2021-07-27 05:37:42

by Vasily Averin

[permalink] [raw]
Subject: [PATCH v7 09/10] memcg: enable accounting for tty-related objects

At each login the user forces the kernel to create a new terminal and
allocate up to ~1Kb memory for the tty-related structures.

By default it's allowed to create up to 4096 ptys with 1024 reserve for
initial mount namespace only and the settings are controlled by host admin.

Though this default is not enough for hosters with thousands
of containers per node. Host admin can be forced to increase it
up to NR_UNIX98_PTY_MAX = 1<<20.

By default container is restricted by pty mount_opt.max = 1024,
but admin inside container can change it via remount. As a result,
one container can consume almost all allowed ptys
and allocate up to 1Gb of unaccounted memory.

It is not enough per-se to trigger OOM on host, however anyway, it allows
to significantly exceed the assigned memcg limit and leads to troubles
on the over-committed node.

It makes sense to account for them to restrict the host's memory
consumption from inside the memcg-limited container.

Signed-off-by: Vasily Averin <[email protected]>
Acked-by: Greg Kroah-Hartman <[email protected]>
---
drivers/tty/tty_io.c | 4 ++--
1 file changed, 2 insertions(+), 2 deletions(-)

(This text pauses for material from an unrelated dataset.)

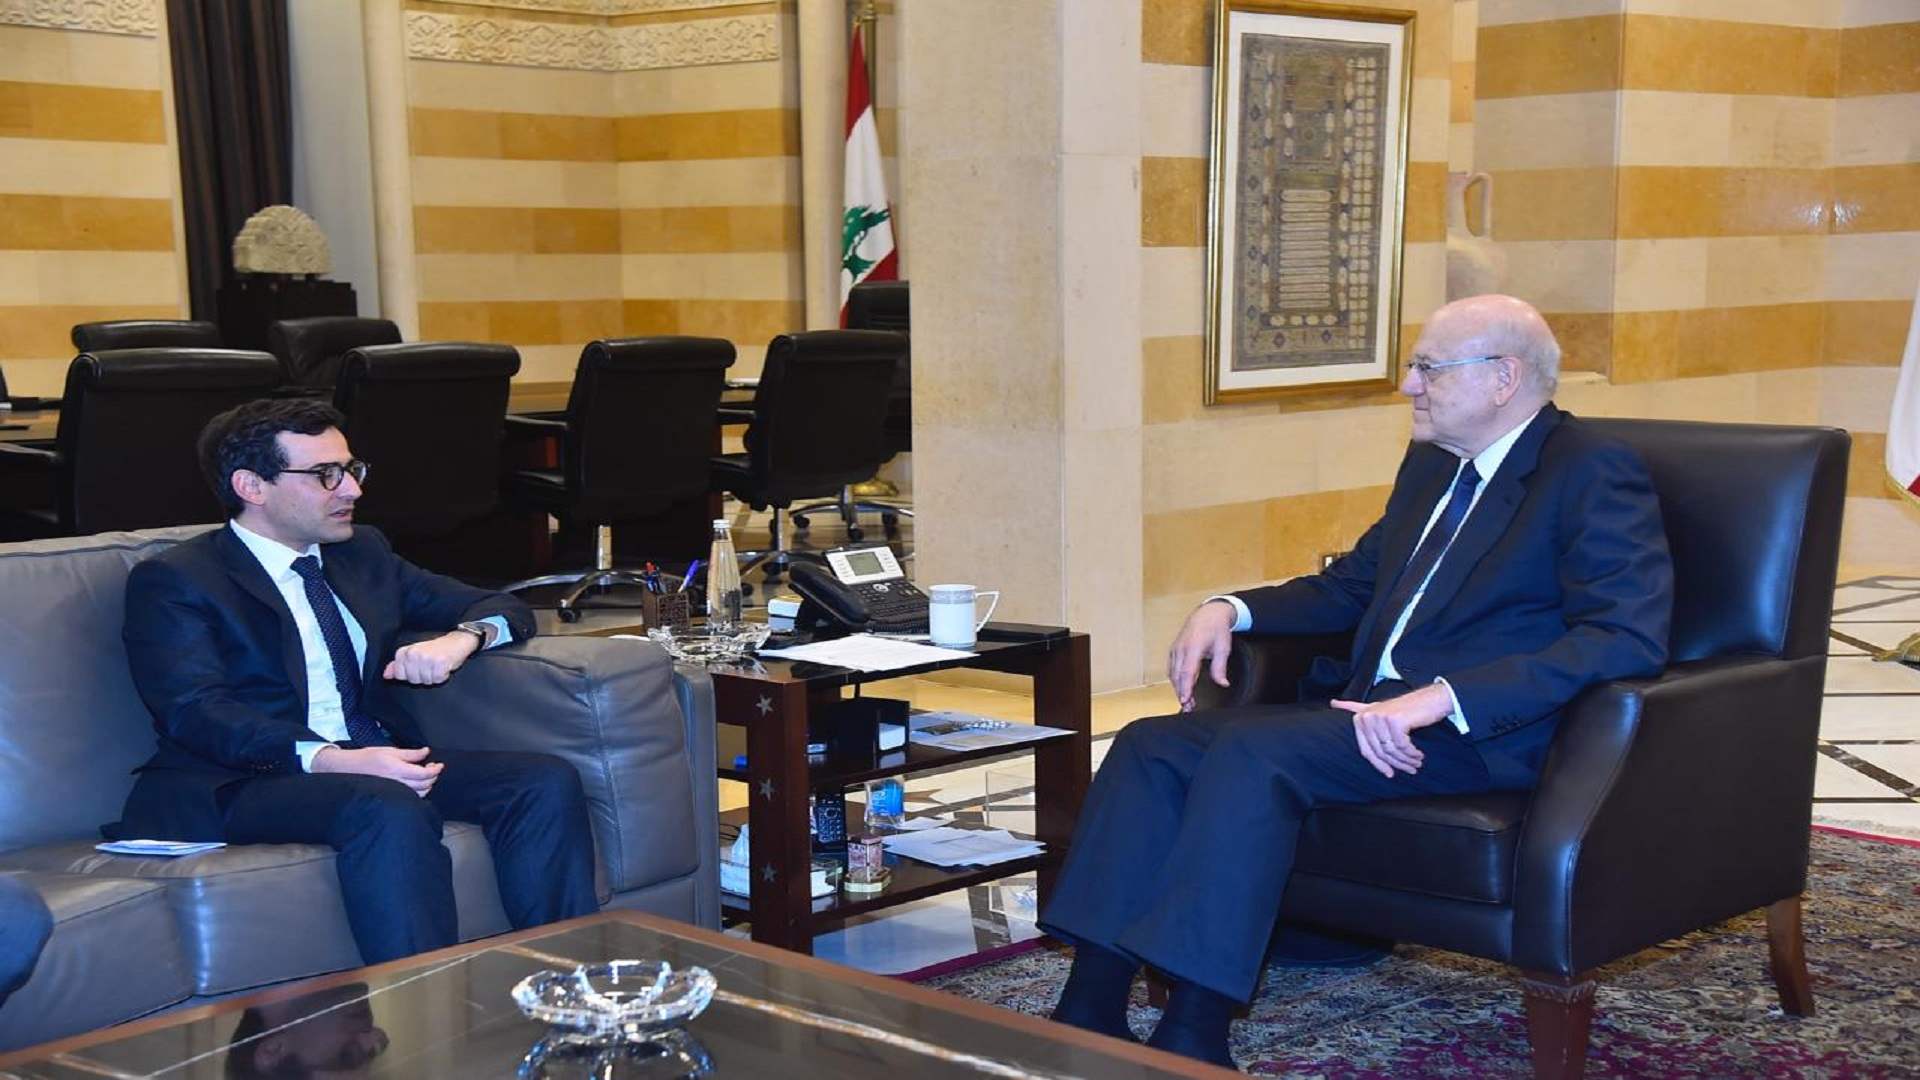 وزير خارجية فرنسا من السراي: انتخاب رئيس جديد مسألة أساسية لمواكبة الاستحقاقات الكبيرة التي يشهدها لبنان والمنطقة

diff --git a/drivers/tty/tty_io.c b/drivers/tty/tty_io.c
index 26debec..e787f6f 100644
--- a/drivers/tty/tty_io.c
+++ b/drivers/tty/tty_io.c
@@ -1493,7 +1493,7 @@ void tty_save_termios(struct tty_struct *tty)
/* Stash the termios data */
tp = tty->driver->termios[idx];
if (tp == NULL) {
- tp = kmalloc(sizeof(*tp), GFP_KERNEL);
+ tp = kmalloc(sizeof(*tp), GFP_KERNEL_ACCOUNT);
if (tp == NULL)
return;
tty->driver->termios[idx] = tp;
@@ -3119,7 +3119,7 @@ struct tty_struct *alloc_tty_struct(struct tty_driver *driver, int idx)
{
struct tty_struct *tty;

- tty = kzalloc(sizeof(*tty), GFP_KERNEL);
+ tty = kzalloc(sizeof(*tty), GFP_KERNEL_ACCOUNT);
if (!tty)
return NULL;

--
1.8.3.1


2021-07-27 06:10:38

by Greg Kroah-Hartman

[permalink] [raw]
Subject: Re: [PATCH v7 09/10] memcg: enable accounting for tty-related objects

On Tue, Jul 27, 2021 at 08:34:14AM +0300, Vasily Averin wrote:
> At each login the user forces the kernel to create a new terminal and
> allocate up to ~1Kb memory for the tty-related structures.
>
> By default it's allowed to create up to 4096 ptys with 1024 reserve for
> initial mount namespace only and the settings are controlled by host admin.
>
> Though this default is not enough for hosters with thousands
> of containers per node. Host admin can be forced to increase it
> up to NR_UNIX98_PTY_MAX = 1<<20.
>
> By default container is restricted by pty mount_opt.max = 1024,
> but admin inside container can change it via remount. As a result,
> one container can consume almost all allowed ptys
> and allocate up to 1Gb of unaccounted memory.
>
> It is not enough per-se to trigger OOM on host, however anyway, it allows
> to significantly exceed the assigned memcg limit and leads to troubles
> on the over-committed node.
>
> It makes sense to account for them to restrict the host's memory
> consumption from inside the memcg-limited container.
>
> Signed-off-by: Vasily Averin <[email protected]>
> Acked-by: Greg Kroah-Hartman <[email protected]>
> ---
> drivers/tty/tty_io.c | 4 ++--
> 1 file changed, 2 insertions(+), 2 deletions(-)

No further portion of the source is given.